Another major problem with these techniques is that they do not report on the goodness-of-fit of the model [20]. In a vast majority of cases, the models focus mainly on the significance of the variables and do not provide a value that assesses the goodness-of-fit of the regression. Nonetheless, the assumption of providing goodness-of-fit does not preclude the model from being generalizable.

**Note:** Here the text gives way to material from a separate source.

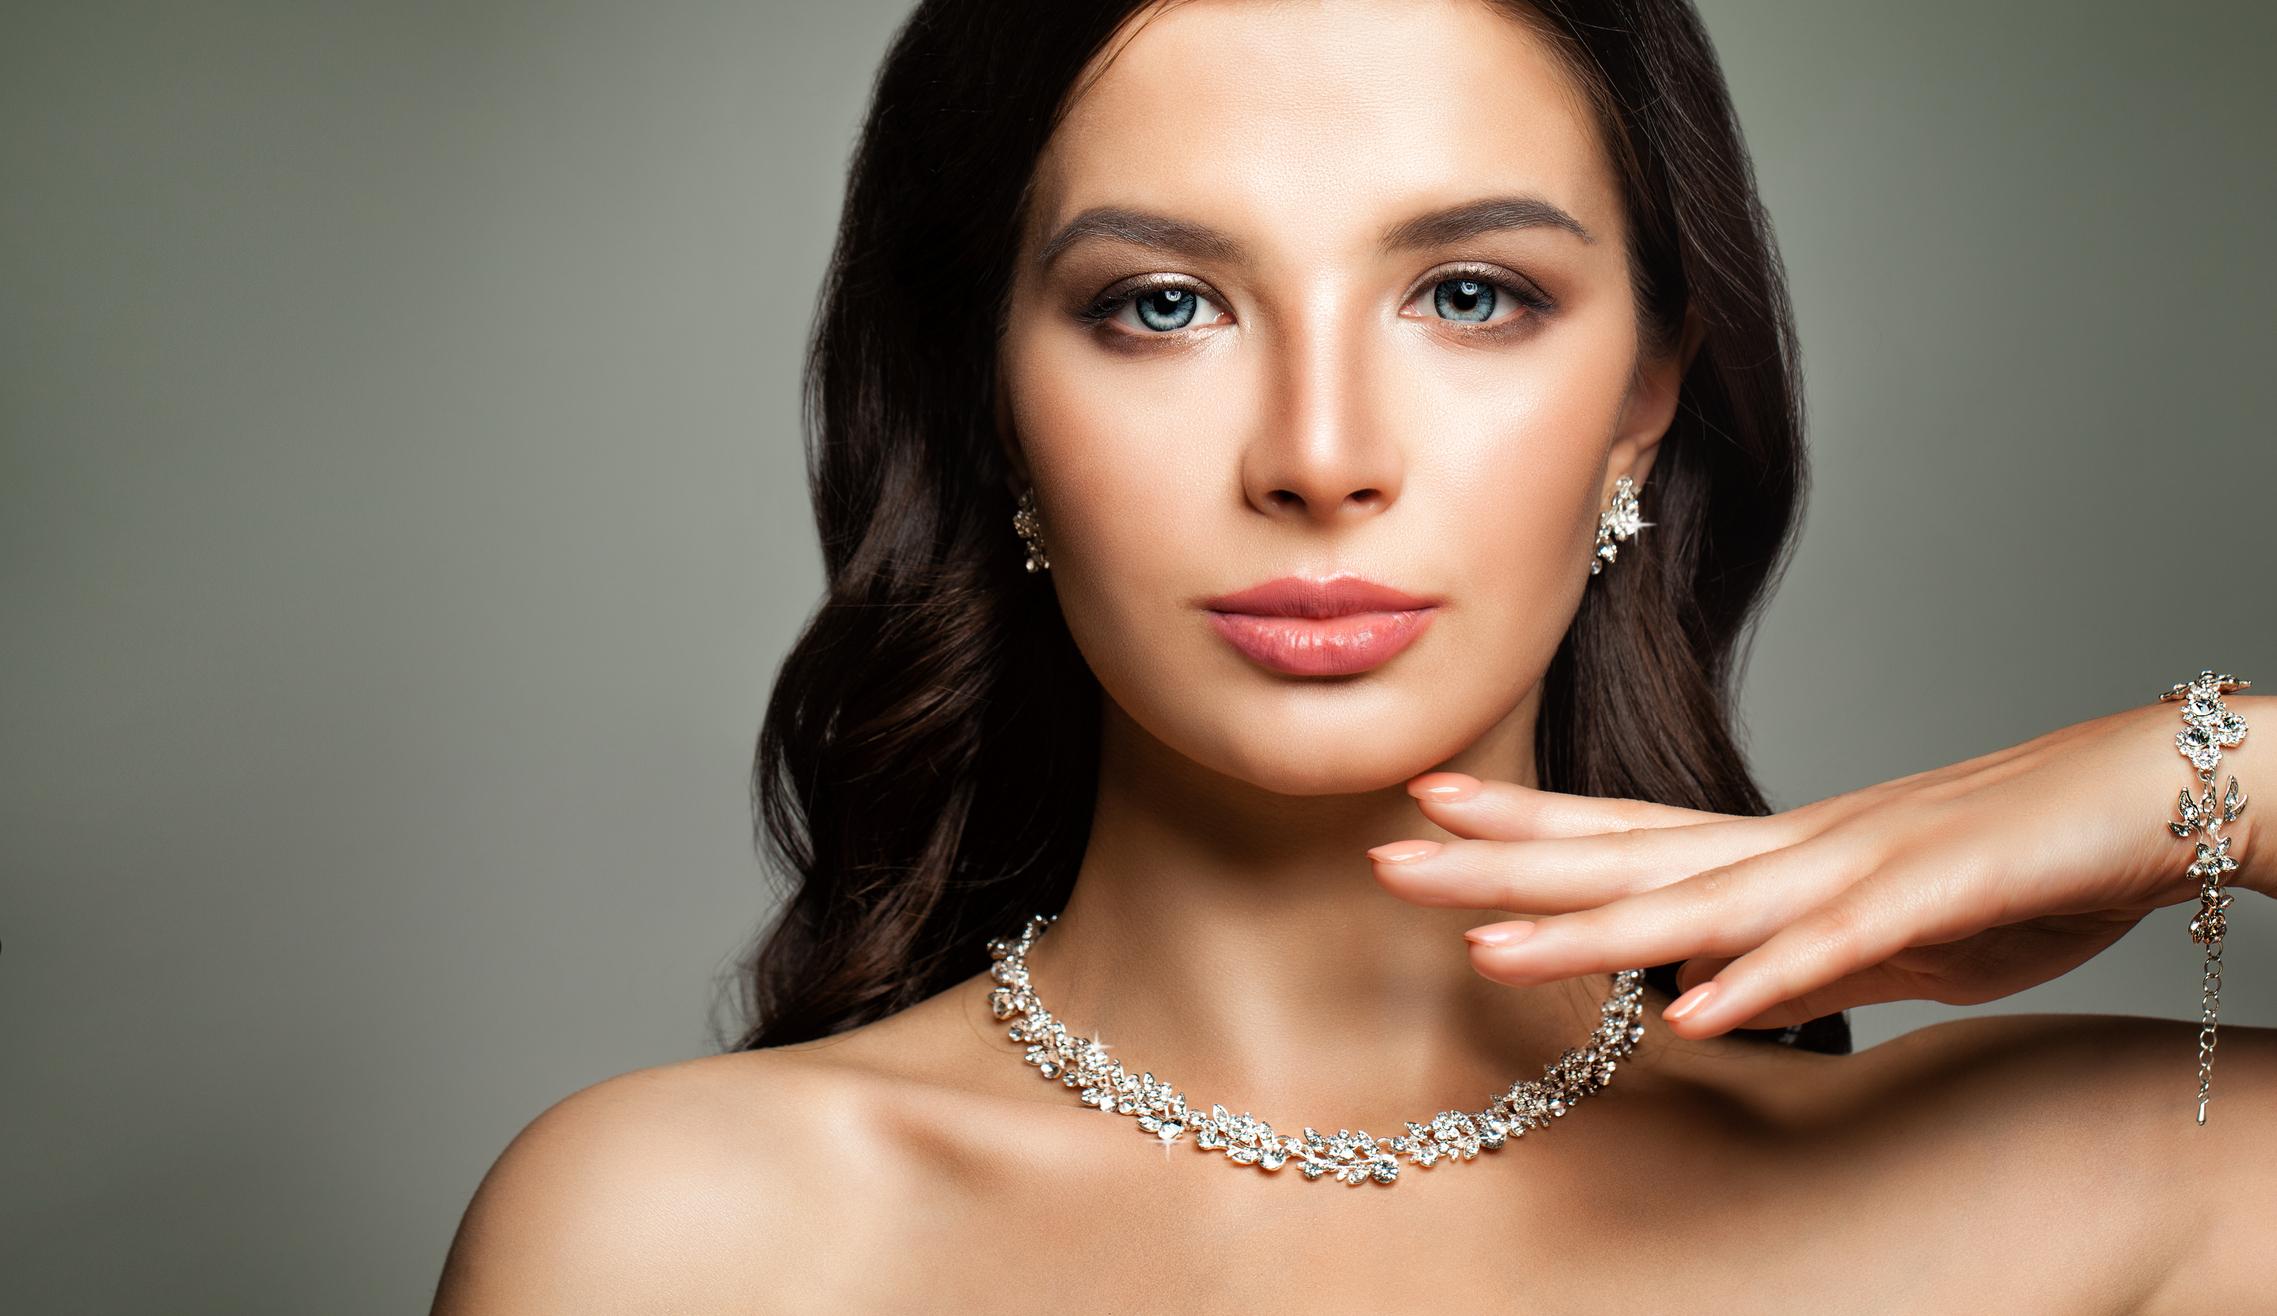 A woman wearing diamond earrings, necklace, and bracelet.

One solution to provide a proof that our model generalizes correctly is through resampling techniques [21] either with an external sample or with bootstrapping techniques.

Combining multivariate regression with propensity score analysis is another widespread technique [22]. However, although these techniques attempt to alleviate possible causal problems, they do not solve the aforementioned problems and are not free of controversy [23].

An alternative to find predictors is to apply machine learning models. Recent interest exists in applying machine learning techniques to clinical research, and cardiology is no exception [24].

Most machine learning applications applied to medicine are focused on trying to enable the physician to spend more time with the patient by eliminating routine tasks such as semi-automated labeling clinical reports [25] or assisting in the segmentation of medical images [26]. It is worth noting that the most successful applications are those in which human–machine interaction is part of the system [27]. However, in the case of precision medicine, machine learning techniques may not be entirely clear and can be misleading [28]. An example is the multitude of publications on the prediction of COVID-19 in medical imaging that have appeared in recent years and do not yield clear results or predictors [29].

Another drawback of thrombus analysis after atrial appendage closure is its low prevalence. This factor greatly affects the results reported with both classical statistical and machine learning methods. As discussed above for classical statistical techniques, one of the approaches to this problem is through resampling techniques [30]. However, in the case of machine learning, boosting and bagging techniques can be added [31].

Finally, the clinical databases available for this type of analysis are usually relatively small (~10³ cases) compared to those where machine learning is most effective (~10⁶ cases). In this context, and by combining the treatment of non-large databases with resampling techniques, steps have been taken towards a consistent clinical machine learning methodology [32,33].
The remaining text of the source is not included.